Fetching content in eZ Publish 5 using Search service

8 Jul 2014  | 
Petar Španja
Fetching content in eZ Publish 5 using Search service

This article will cover what is, in my opinion, one of the coolest and most important features of eZ Publish 5. I’m not saying that, for example, HTTP caching is not cool or important, but if you don’t know how to find the stuff you need there will hardly be something to cache, right? So cover your bases.

Old and new

If you have any eZ Publish Legacy Stack experience, search roughly corresponds to the old fetch functions. In contrast to search in the new stack, they were not used only for finding content (they were also used for almost anything else) and it was possible to use them in templates. You also had quite a number of different ones, intended to be used in different cases, and each with their own set of parameters. At that, those parameters were flat, that is they did not provide for more complex expressions. You had to code extended attribute filters to achieve something not possible out of the box, and if you had experience with these, you also know it was not always fun.

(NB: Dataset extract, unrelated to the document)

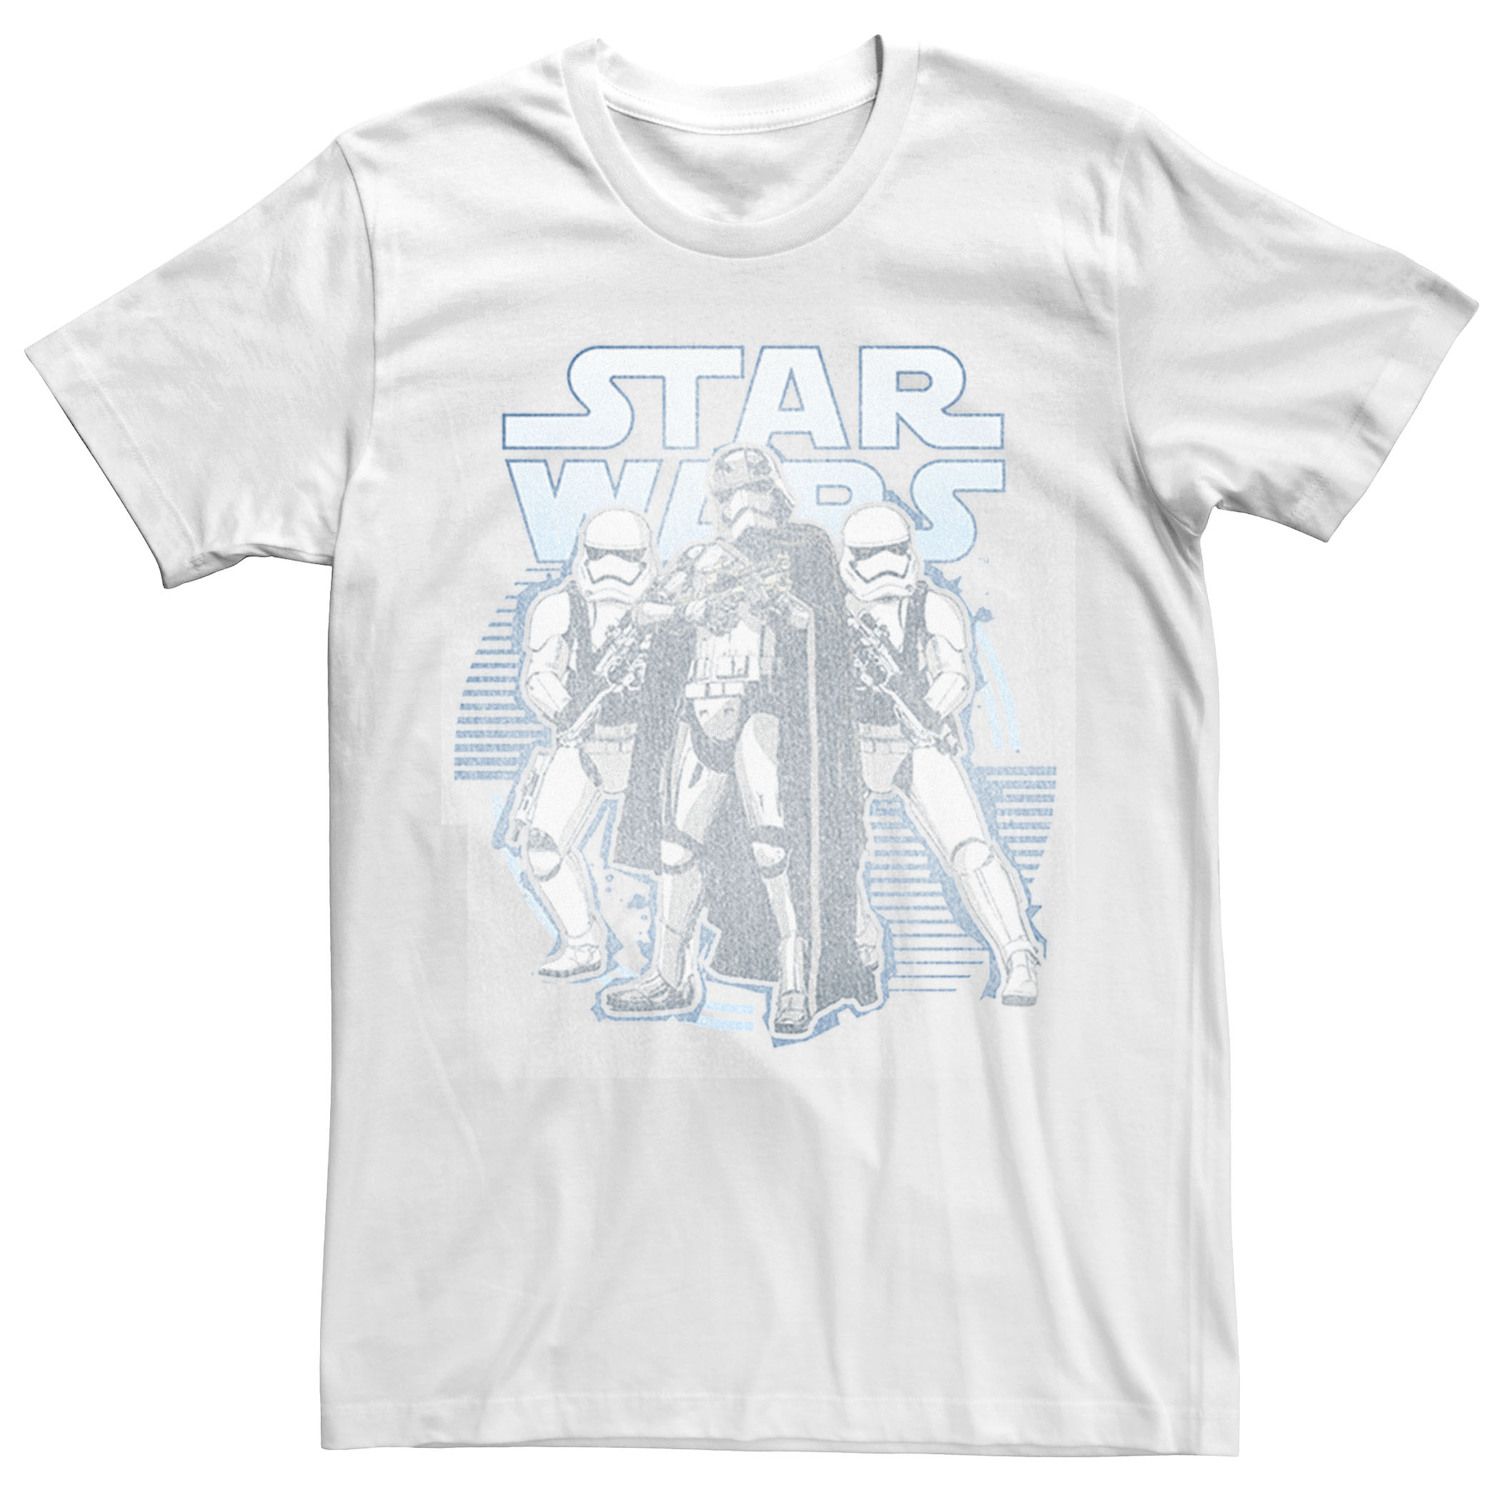 Мужская футболка в стиле ретро Captain Phasma Star Wars star wars фигурка captain phasma

The search in the new stack looks to improve on all of that.

Query object

A query object is a value object, and a starting point in search. You will create Query objects to specify parameters of your search, like search criteria, sort clauses and pagination, then pass them to one of the SearchService methods to receive back the result. Let’s take a look at some of the properties.

  • $query
    This holds the search criteria which will affect scoring of the search results (for the search backend that supports it - read Solr).
  • $filter
    This one holds the search criteria which will not affect scoring of the search results. Usually search backend which makes this distinction provides filter condition caching. So you may want to think a bit here and combine this one with $query property in a smart way.
  • $sortClauses
    Holds sort definitions.
  • $limit
    Limits the number of search results returned.
  • $offset
    Offsets the search results returned. Combine this with $limit to achieve pagination.

So how to build your search condition?

Criterion

The Criterion is the basic building block of your search criteria. eZ Publish provides a number of these out of the box, and they should be sufficient to cover the majority of use cases. If you still find the need for something special, you can implement a custom Criterion. Out of the scope of this post, but if you are looking to go for it, check out Netgen’s Tags bundle for a good example on how it is done.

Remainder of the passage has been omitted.